Thanks for providing a thoughtful review. We believe this paper to be an important contribution to the literature on making conformal prediction practically useful, for the reason you describe: the method proposed is simple and effective.
On the novelty w.r.t. conformal prediction: We agree that it is well known that better classifiers lead to better conformal predictors. We did not intend to convey the impression that this was a contribution of the paper. Instead, our goal is to demonstrate the surprising effectiveness of a simple and efficient method to improve the underlying model. Additionally, while there is literature on ensembles in conformal prediction, none present the possibility of a test-time ensemble, which is computationally cheaper than alternate approaches.
On the novelty w.r.t learned test-time augmentation policies: We agree that the value of learned test-time augmentation policies has been established; however, a majority of the literature emphasizes the value of TTA to Top-1 classification accuracy. In contrast, our work shows that the benefits of test-time augmentation are not limited to the highest predicted probability; improvements in top-k accuracy produce significantly more efficient conformal predictors.
On using calibration set once: This is a valid complaint. We’ve replicated all experiments by learning the TTA policy on a subset of the calibration set distinct from the subset used to identify the threshold. There are no significant changes to the results. We include an additional experiment in which we vary the percentage of data used to learn the test-time augmentation policy and find that results are largely not sensitive to the % of data used to train the TTA policy (Figure 8).
Thanks for the response. As mentioned, I appreciate introducing the TTA in the context of conformal prediction. But, I believe that the value of conformal prediction is that it provides a handy-way to construct a prediction set for any given score functions. In other words, conformal prediction "helps" to identify the uncertainty of whatever given score functions -- if a score function is certain (e.g., a perfect classifier) on most examples, the prediction sets will be small; if the score function is uncertain (e.g., a random classifier) on most examples, the prediction sets will be large.
Within the paper's context, two score functions are given: (1) a naive score function (=a less-certain score function) and (2) a TTAed-score function (=a more-certain score function). The paper simply shows that the more-certain score function has smaller prediction sets, which is a trivial consequence of conformal prediction.
If this paper has value as a scientific paper, we can produce many scientific papers by simply replacing the score function into a better one (e.g., whenever the community discovers better architectures), applying conformal prediction, and demonstrating the efficiency of the better score function, which looks not desirable.
Finally, for "our goal is to demonstrate the surprising effectiveness of a simple and efficient method to improve the underlying model", it is already demonstrated by the TTA paper.
For these reasons, I'll maintain my score, but let me know if I misunderstood anything.

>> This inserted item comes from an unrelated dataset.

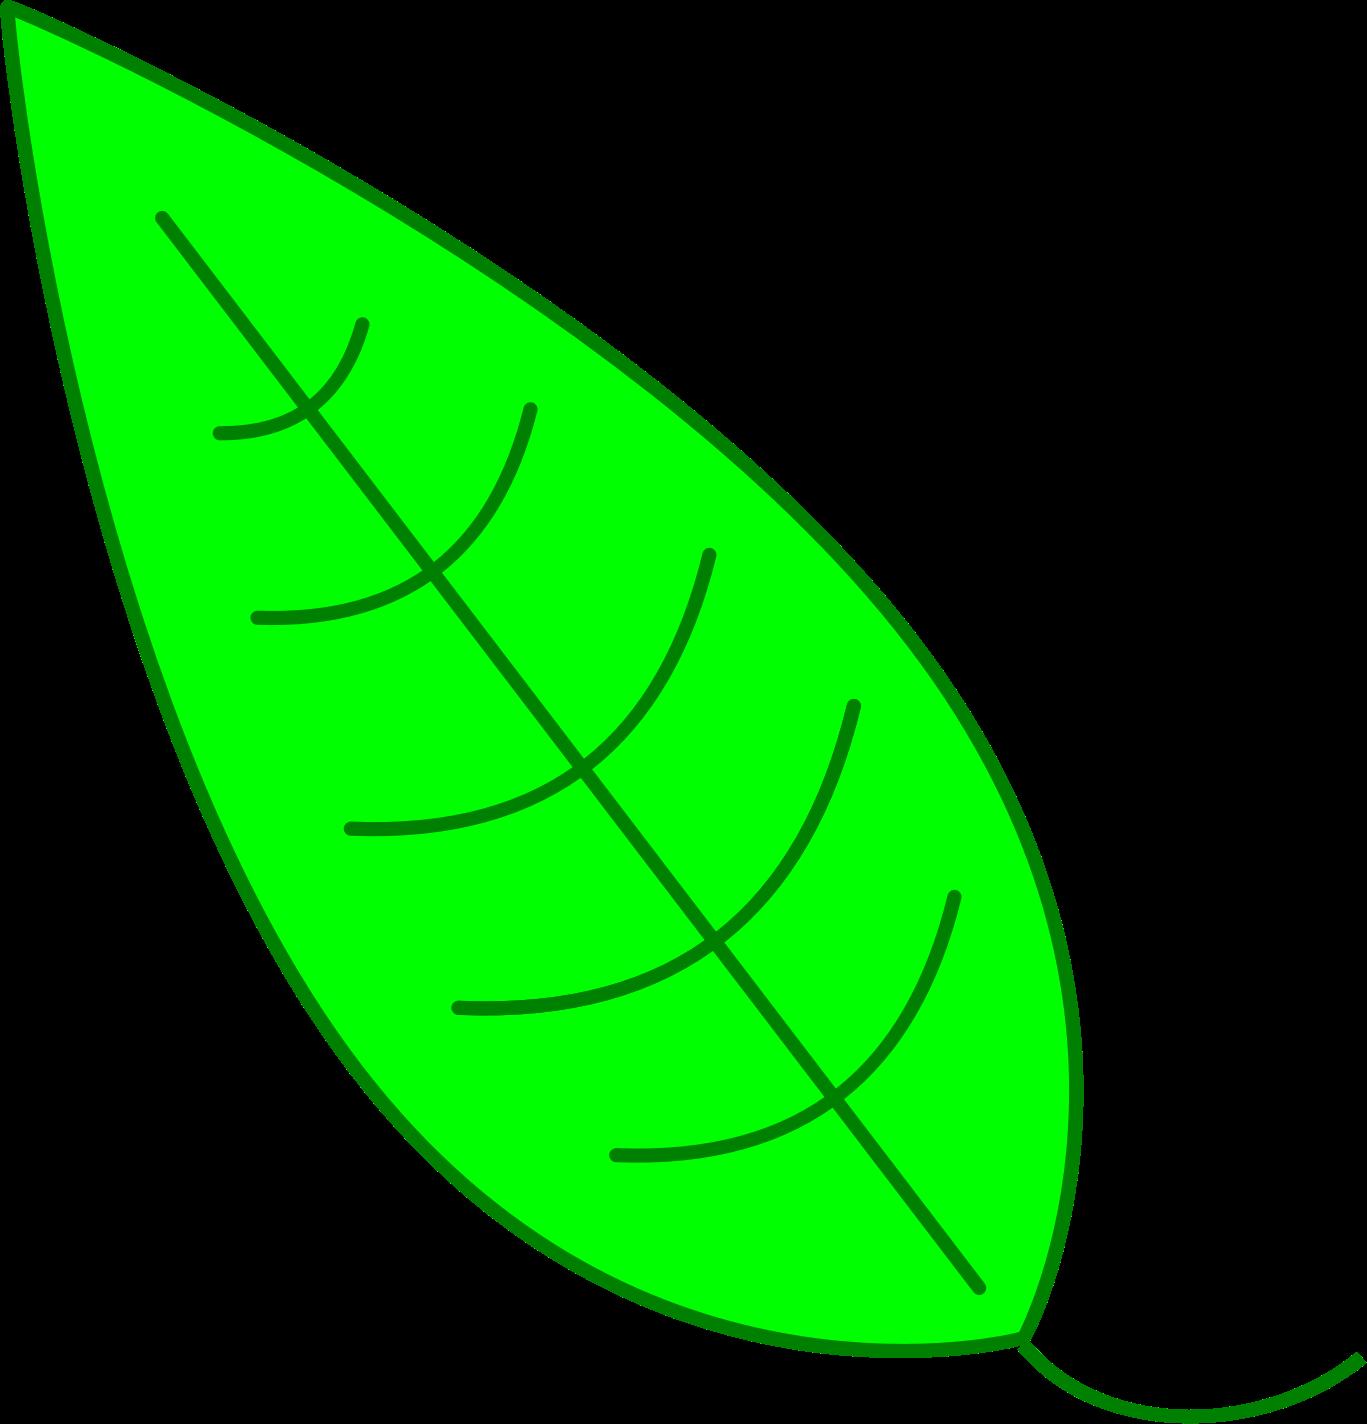 Leaf clipart kid. Green simple big image

Thanks for continuing the discussion and engaging with our response.
The paper simply shows that the more-certain score function has smaller prediction sets, which is a trivial consequence of conformal prediction.
We would say we go beyond this and can clarify what we mean. TTA-Learned is distinct from other methods which produce more-certain score functions (e.g. training a fancy new architecture or collecting additional data) because it requires only the ingredients available to split conformal predictors (i.e. a labeled calibration set, a pre-trained model, and a score function). Despite its simplicity, we show that TTA-Learned results in significant reductions in set size across datasets, models, and coverage guarantees. This was previously unknown, and is of practical importance to those who wish to apply conformal prediction.
Our results also speak to the tradeoff between using labeled data to improve the conformal score (as with TTA-Learned) and using labeled data to identify the conformal threshold. We show that you can achieve much better efficiency by using a portion of the labeled data to improve the conformal score, instead of reserving all examples to identify the conformal threshold. We see our work as a step towards thinking about the question of how to best use labeled data in conformal prediction, which we think will be key to real-world adoption. We appreciate the discussion, which has convinced us to make this point more clear in the manuscript.
Finally, for "our goal is to demonstrate the surprising effectiveness of a simple and efficient method to improve the underlying model", it is already demonstrated by the TTA paper.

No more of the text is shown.